Tara read Reece’s letters aloud to Sheila, omitting the more intimate passages. They came thrice a week, and she wrote back to him with similar frequency. She tried to cheer him with amusing descriptions of visitors to the mansion, of how Cook screamed and jumped up onto a chair the day a mouse scampered through the kitchen.

“I am flying with the French in a plane that can go 130 miles an hour. Someone more clever than I has solved a problem I never gave much thought to: how to synchronize machine gun fire so that you can shoot through the propellers without hitting them.”

“Machine gun fire,” said Sheila in alarm. “Ah, Tara. You must be that worried about him.”

She was. The hostilities showed no signs of easing. In fact, America was being pushed closer and closer to entering the war by growing public outrage over the deadly effectiveness of Germany’s U-boats, which sank all vessels they encountered, including American ships.

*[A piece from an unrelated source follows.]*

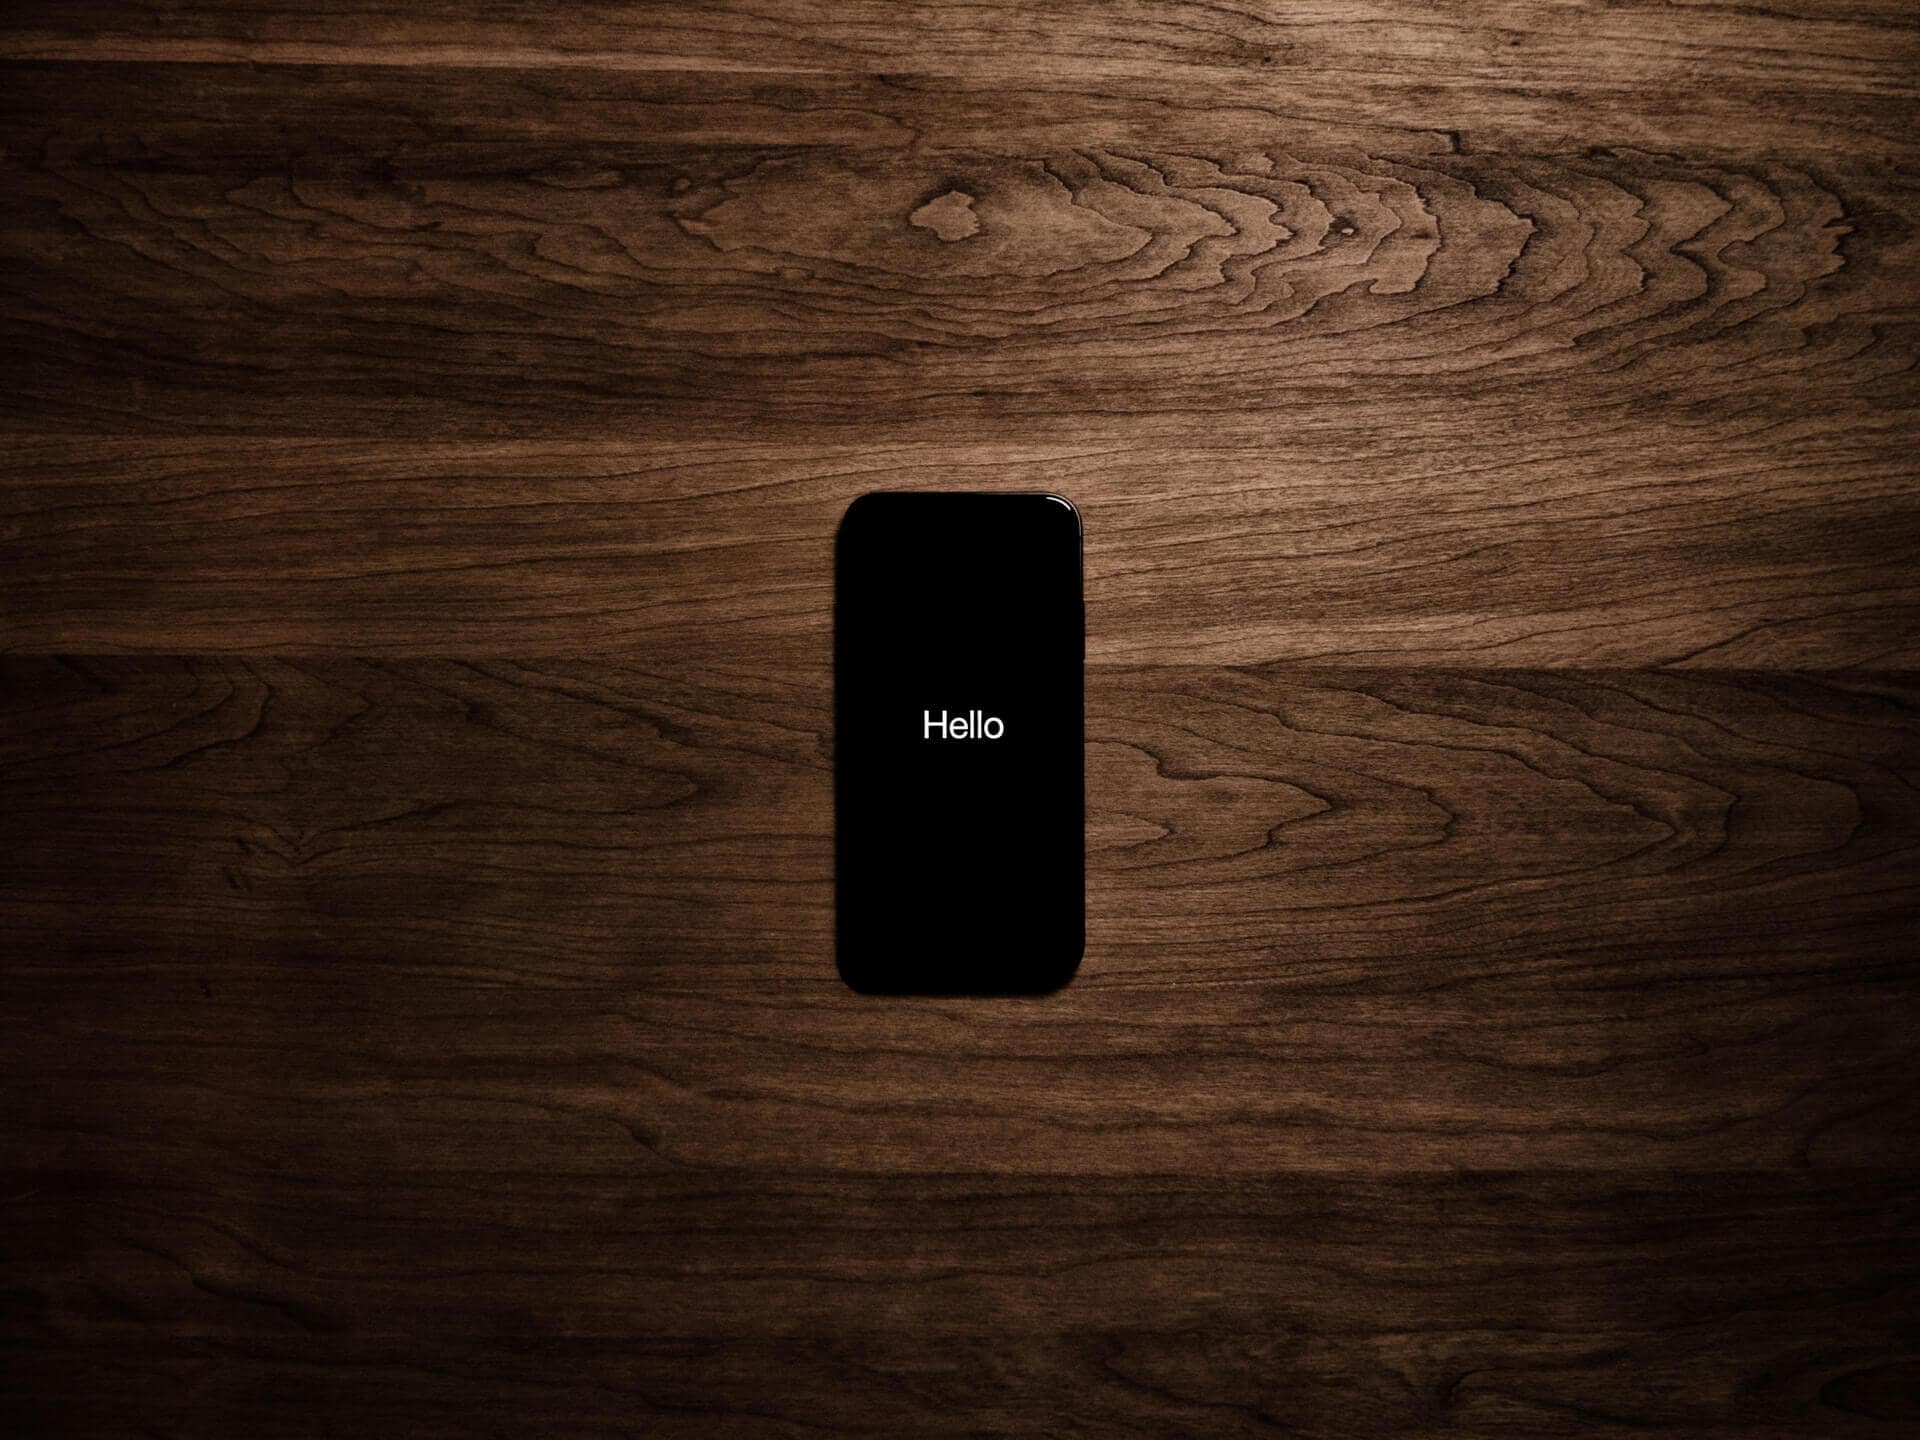 Jak wyłaczyć iPhone X?

“I am working closely with the French and English engineers. General Damon is pleased with my reports. Still no word on when I’ll be coming home. You can’t imagine what it’s like here. The Germans are using nerve gas in the trenches. Yesterday I saw dozens of blinded men, waiting in a long line for treatment. Some of them, I think, will never see again.

“I go about my work here but I feel as if I’m there with you. Never forget for a moment how much I love you, Tara.”

One month turned into two, then four and five. Sheila was quite large by this time. She spent her days reading popular novels and sometimes even the schoolbooks she’d previously neglected. She also knitted lots of clothes for the baby and snuck out of the house to take leisurely walks, bundled up warmly against the frosty air.